Это ни на что такое похожим не было и быть не могло; но какая-то, чудилось в последнем, зодиакальном уже свете, сухая мгла сопровождала неведомое это и неопределимое – сама сродни ночной тьме, почти от нее неотличимая и в ней скрывающаяся. Не с чем было сравнить эту мглу, которая и собственно мглою-то не была, а скорее мерцанием неким воздуха, тусклым его проявлением. Она возникла как бы из самого пространства, из координатной его тончайшей сети просквозила и замечена никем не была, все ушло с головой в первый, утягивающий на дно существования сон, в забытье полное – все, всех увело, кроме разве старика, выбравшегося скоротать с куревом часок-другой бессонницы своей в палисадник старый, полуразгороженный, под непроглядные ночные тополя.
Перед тем, на самом исходе вечерней зари, еще чувствовалось снизу от огородов и прибрежных кустов неявное движение, наплывы, помавания речной свежести, еще одинокий степной комарик тонко зундел, жаловался, и была надежда на скудную хотя бы, пусть под утро, напояющую росу. Но с тьмой и во тьме появилась, проявилась, но облегла все, мертво обняла эта будто иссушающая все в себе мгла, обступила – и завыла где-то одна собака, брехнула испуганно и залилась другая; и старика, без того согбенного, еще согнуло в глухом клокоте кашля, в попытках не дать доломать себя, жизнью ломанного-переломанного, продохнуть, сказать себе самому: да што, мол, за черт… што такое?!
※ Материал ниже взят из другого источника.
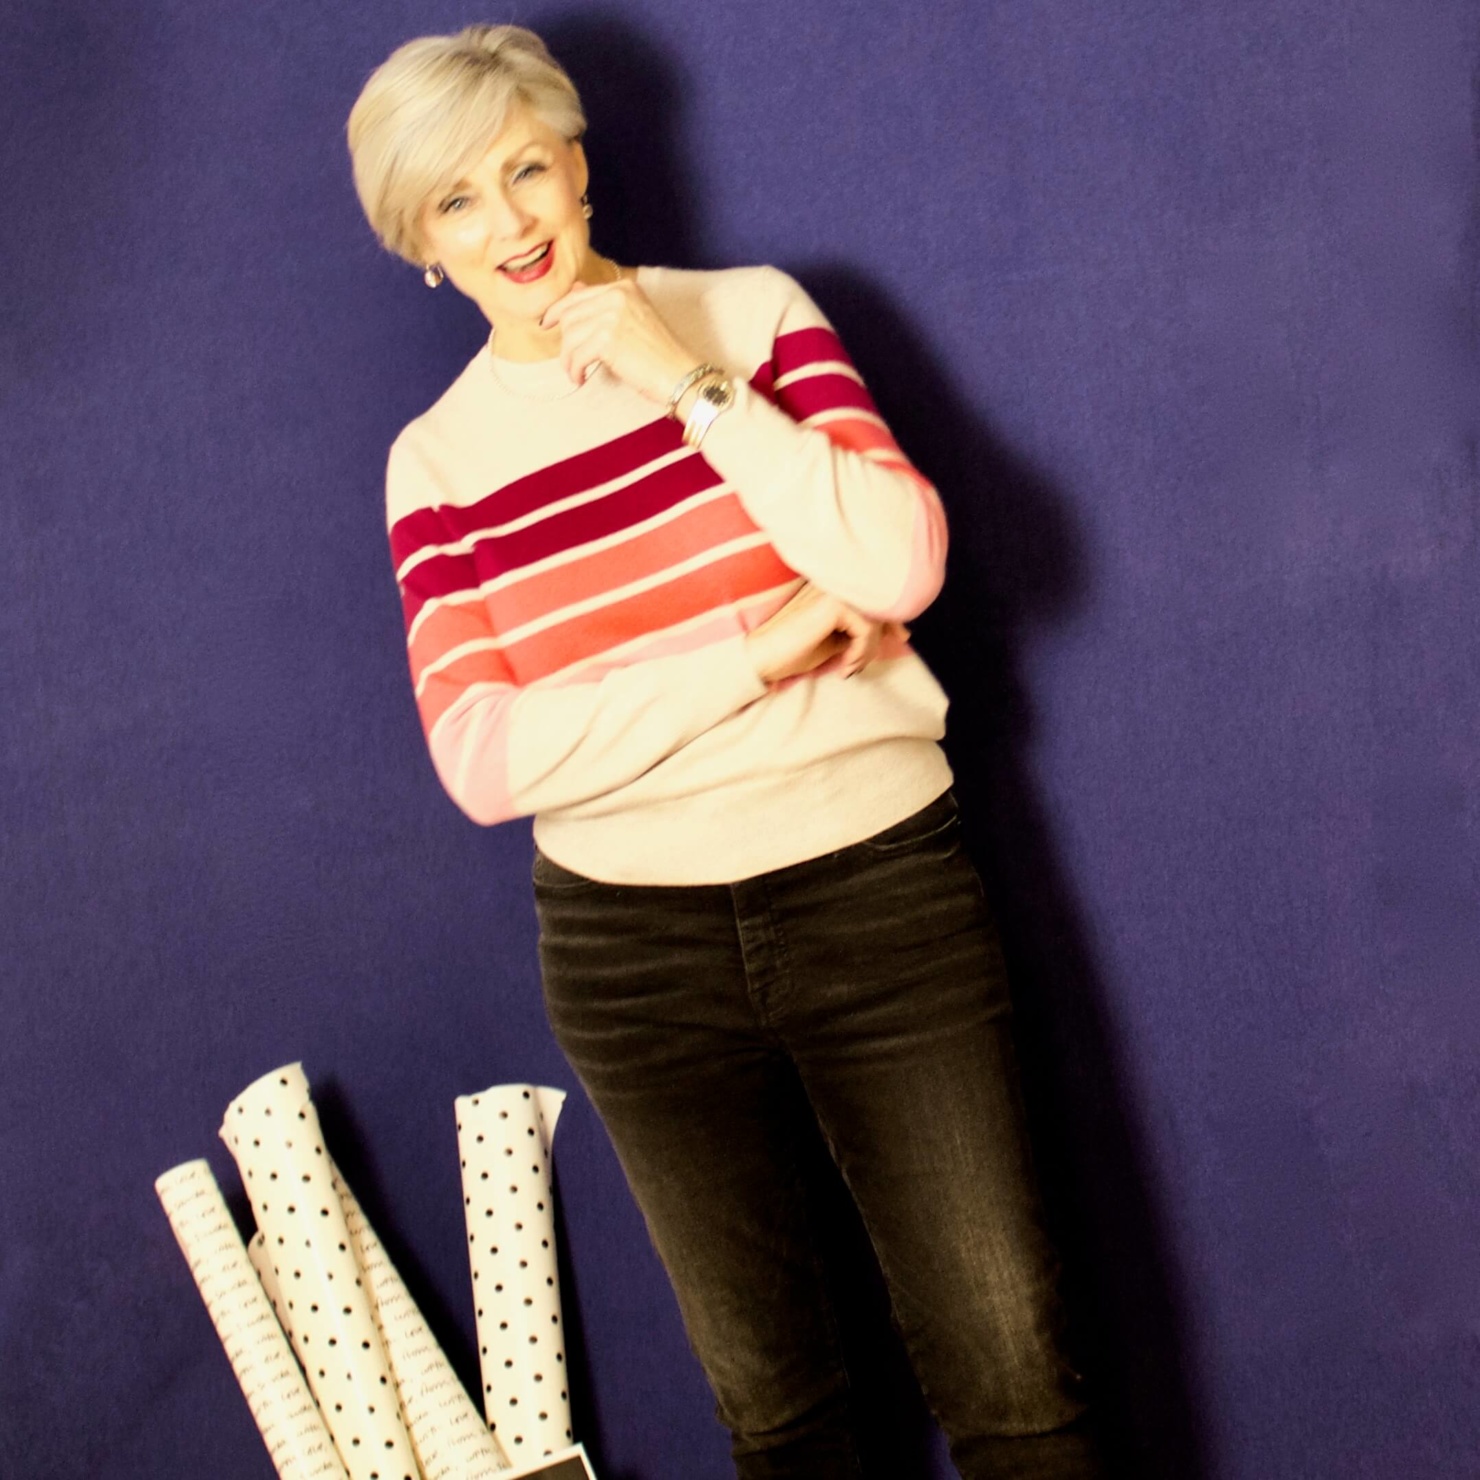 beth from Style at a Certain Age wears a striped cashmere crewneck from Marks & Spencer
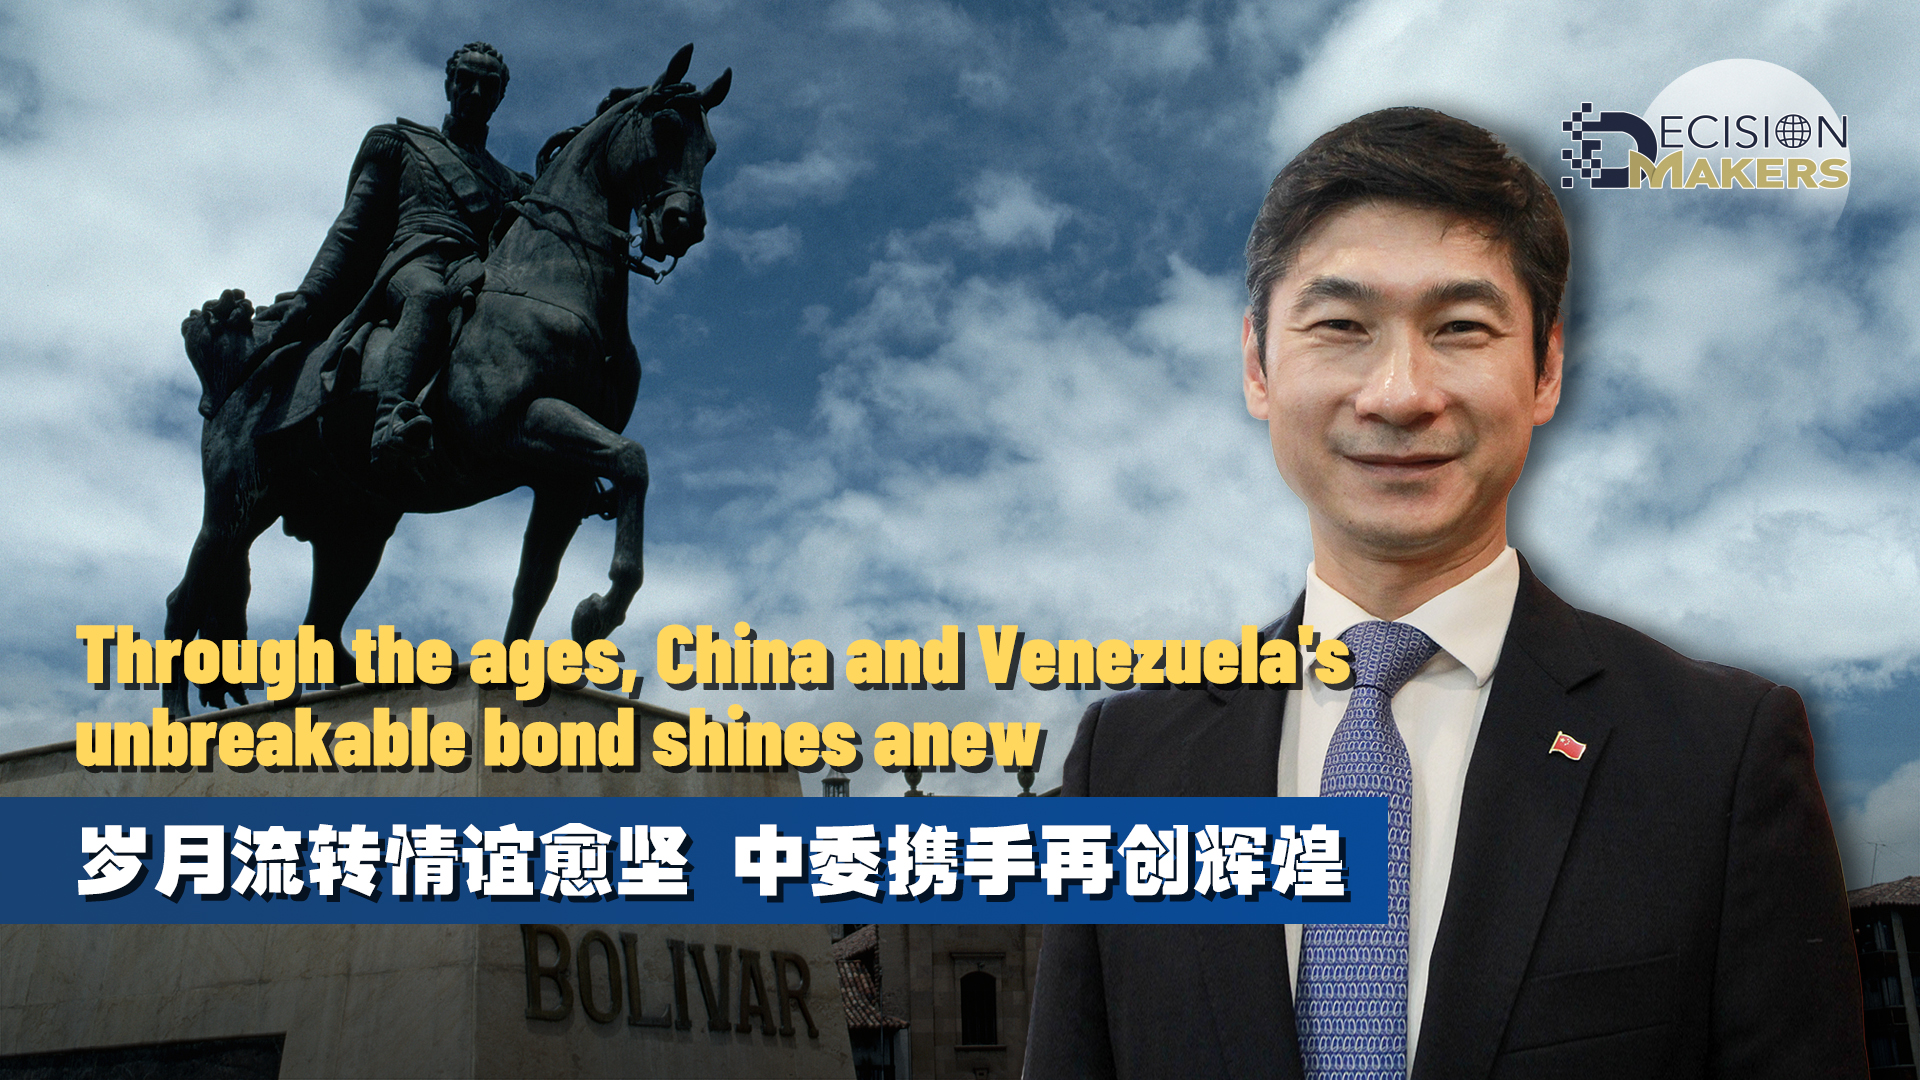 Through the ages, China and Venezuela's unbreakable bond shines anew

Но не успел. Оцепененье настигло все – глухое, обморочное, и старик уже не задышкой – им зашелся, воздуха лишившим, онеменьем этим, в какое-то мгновенье охватившим и его, человека, и все живое вокруг и неживое, все звуки, движенья, даже осокорек молоденький, незнамо как занесенный сюда и вылезший за штакетником, только что шевеливший изреженными своими, в чем душа держится, листками, но замолкший враз, даже черный этот кривой, вразнобой глядящий штакетник… На миг долгий оцепенило, неизвестно сколько продлившийся, в нетях застрявший, в беспамятстве мгновенном и полном, и от него, человека, ни горя, ни радости, ни даже сознания себя не осталось, а одни только глаза будто – чтобы видеть все это, обезличенное напрочь, утратившее всякое содержание свое, жизнь.
И он, казалось, долго видел эти исчерпавшие себя, сутью как кровью истекшие формы бывшие, совершенно плоские теперь, пустые и никому не нужные, пустее выеденного яйца, дыры от баранки дешевле, всю эту небылую, небывшую, даже и прошлого, казалось, лишившуюся тень мира, испорченный и выброшенный негатив его… да, тень, ничто, просто тени – как местá, где не хватает света. Сколько теней, сколько не хватает света. Сколько тщеты.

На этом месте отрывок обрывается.